I felt leaving home very much, for they all seemed to cling to me and to lean on me after that time of sorrow. My father had aged a great deal, and had turned in a few weeks into an elderly man.

My poor mother said over and over again that she had nothing to do.

"Oh, Peter," she said one day, "I used to grumble, and to think I had a hard time of it, with so many to cook for, and so many clothes to mend, and so many stockings to darn, and such lots of things to wash and to iron, and so much to see after. But now, God knows, I would give all I have to have one of those busy days back again. I didn't know, till they were gone, how much I should miss them all. God forgive me if I ever grumbled at having to work for them!"

It was a very different home now—so quiet and still, with so many empty beds and silent rooms, with so much space at the large dinner-table, which used to be so well filled, with so many vacant chairs, and with a row of caps hanging on the pegs in the passage, which were never taken down from their places, but which mother seemed as if she could not take away. Every one who came to the house must have noticed the difference in our once merry, noisy home.

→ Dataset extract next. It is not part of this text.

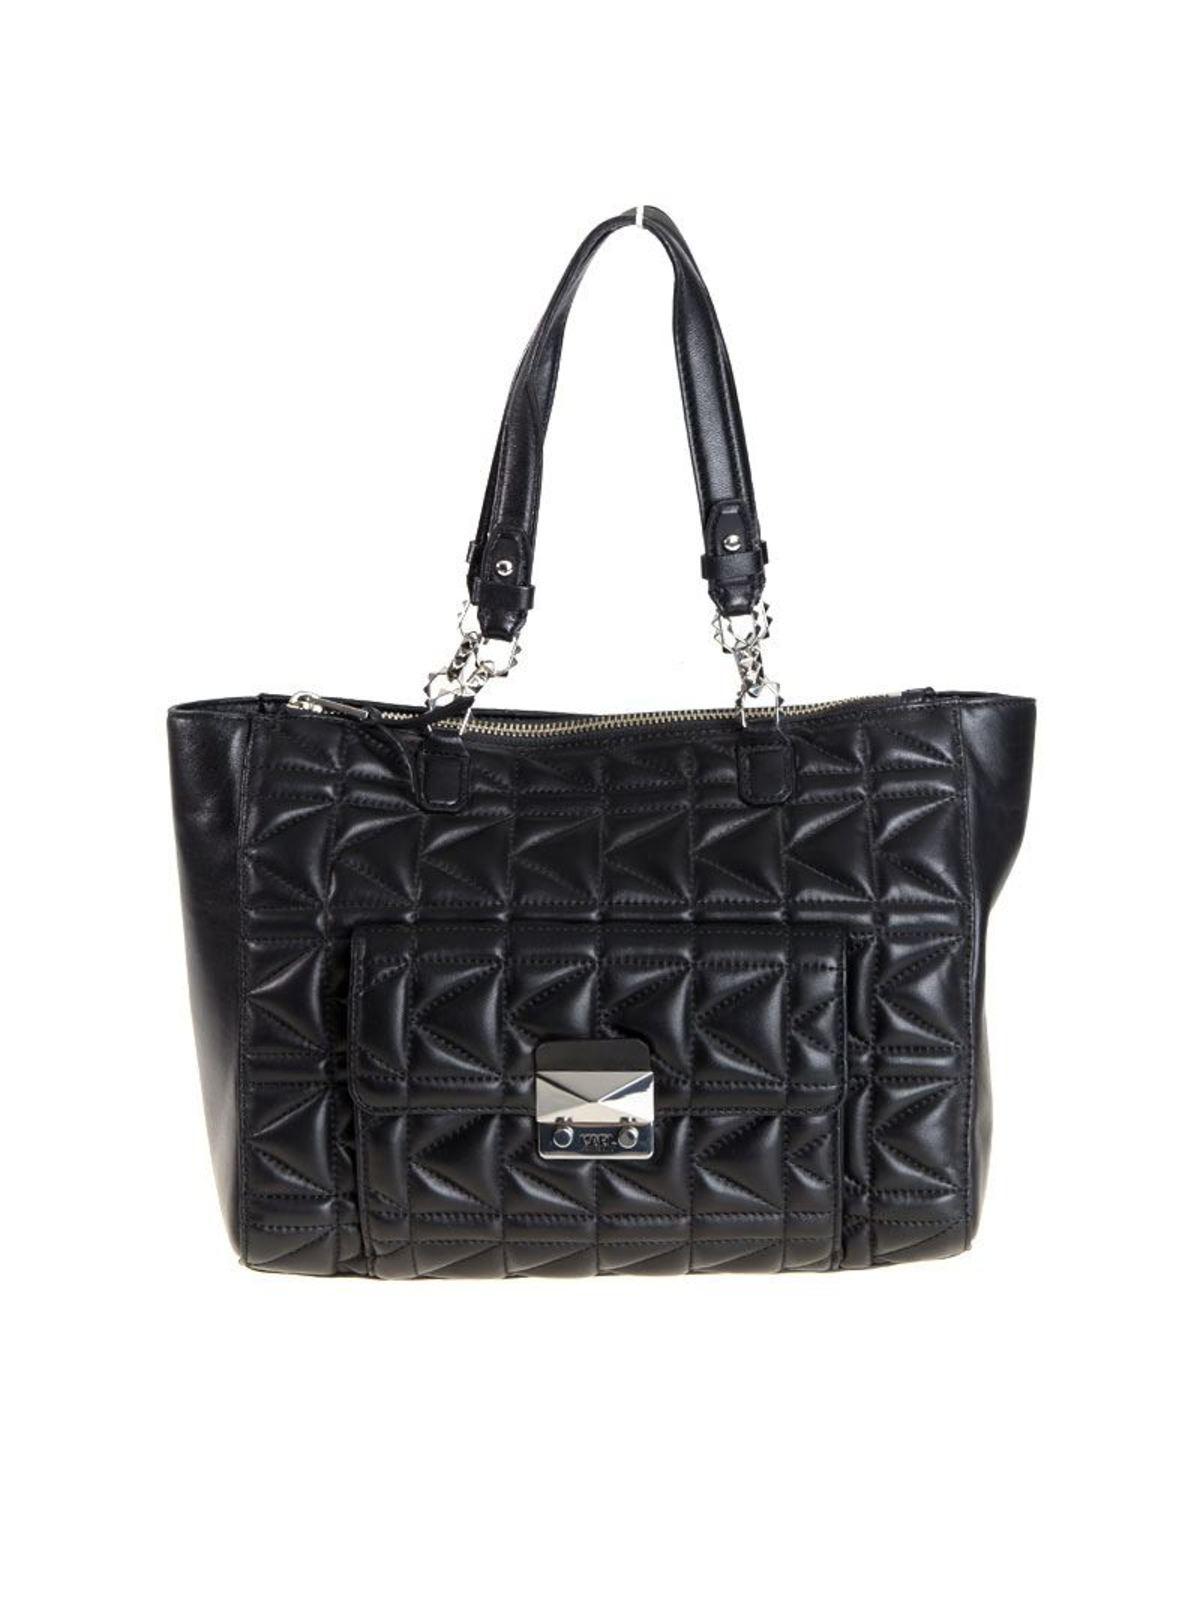 Karl Lagerfeld Leather Bag in Black - Lyst
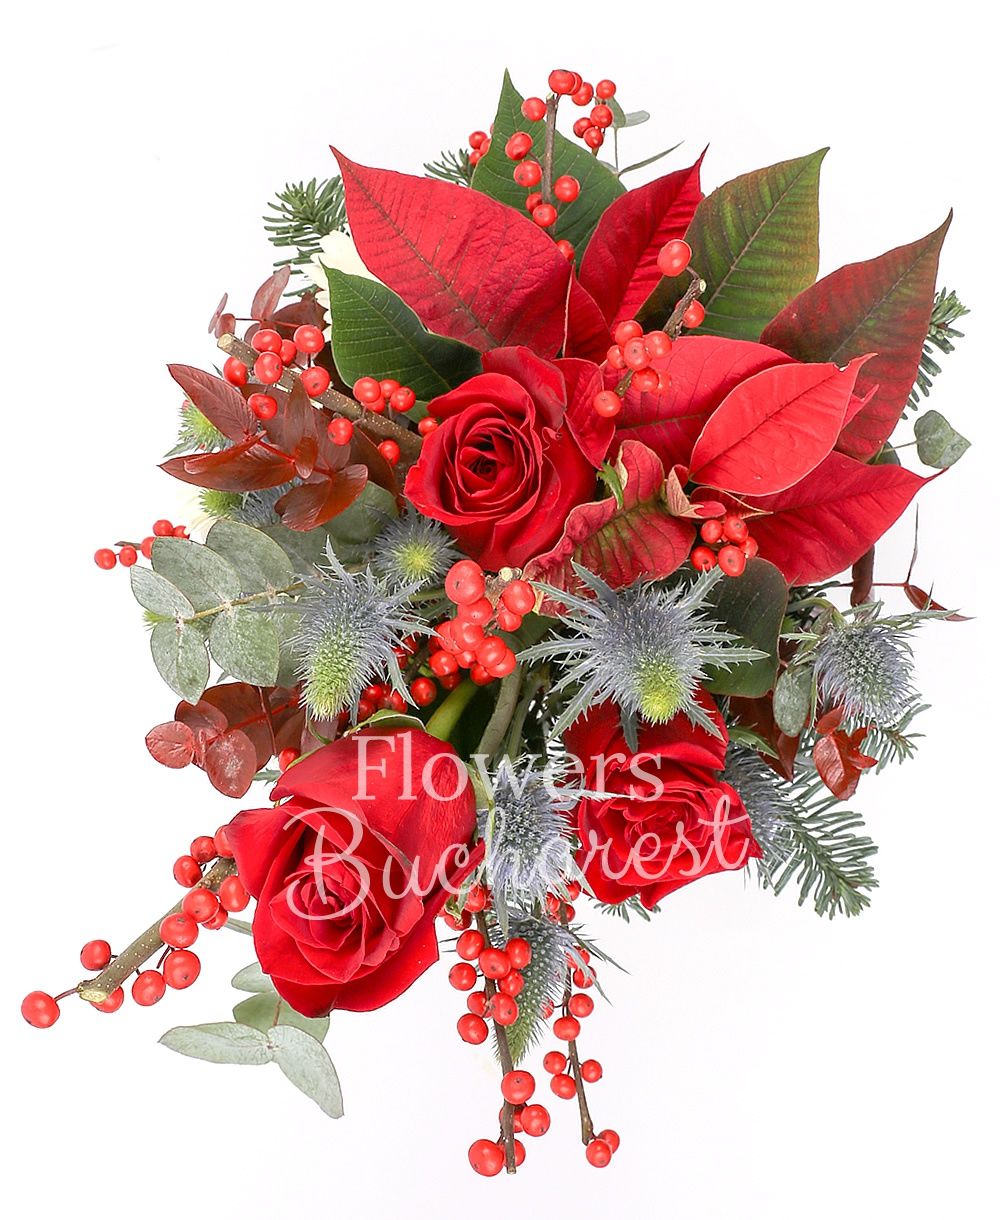 3 red roses, 3 gerbera white, poinsettia, 3 eryngium, ilex, fir, greenery

Yet it was a different home in another way, for now both father and mother were leading their children in the way to heaven.

It was a great effort to my father to open the Bible and begin family prayer, but he made it. It was a great effort for my mother to put on her bonnet, and, in the face of astonished neighbors, to go to church again, but she made it. And when I left them, I had the joy of knowing that whenever the cry was heard:

"Behold the Bridegroom cometh: go ye out to meet Him!"

We should, as a family, be all ready to obey the summons; for in that great day when the King shall gather together His own, every one of us would be taken—none of us would be left behind.

I went to Calvington by the early train, and walked from the station to Grassbourne. Mrs. Bagot gave me a warm welcome when I arrived at the cottage.

"I'm glad to see you, my lad," she said; "I am, indeed. The master and me have been awful lonesome without you, we have, indeed. What with our lady's trouble, and the loss of that dear boy, we've been very dull and low altogether."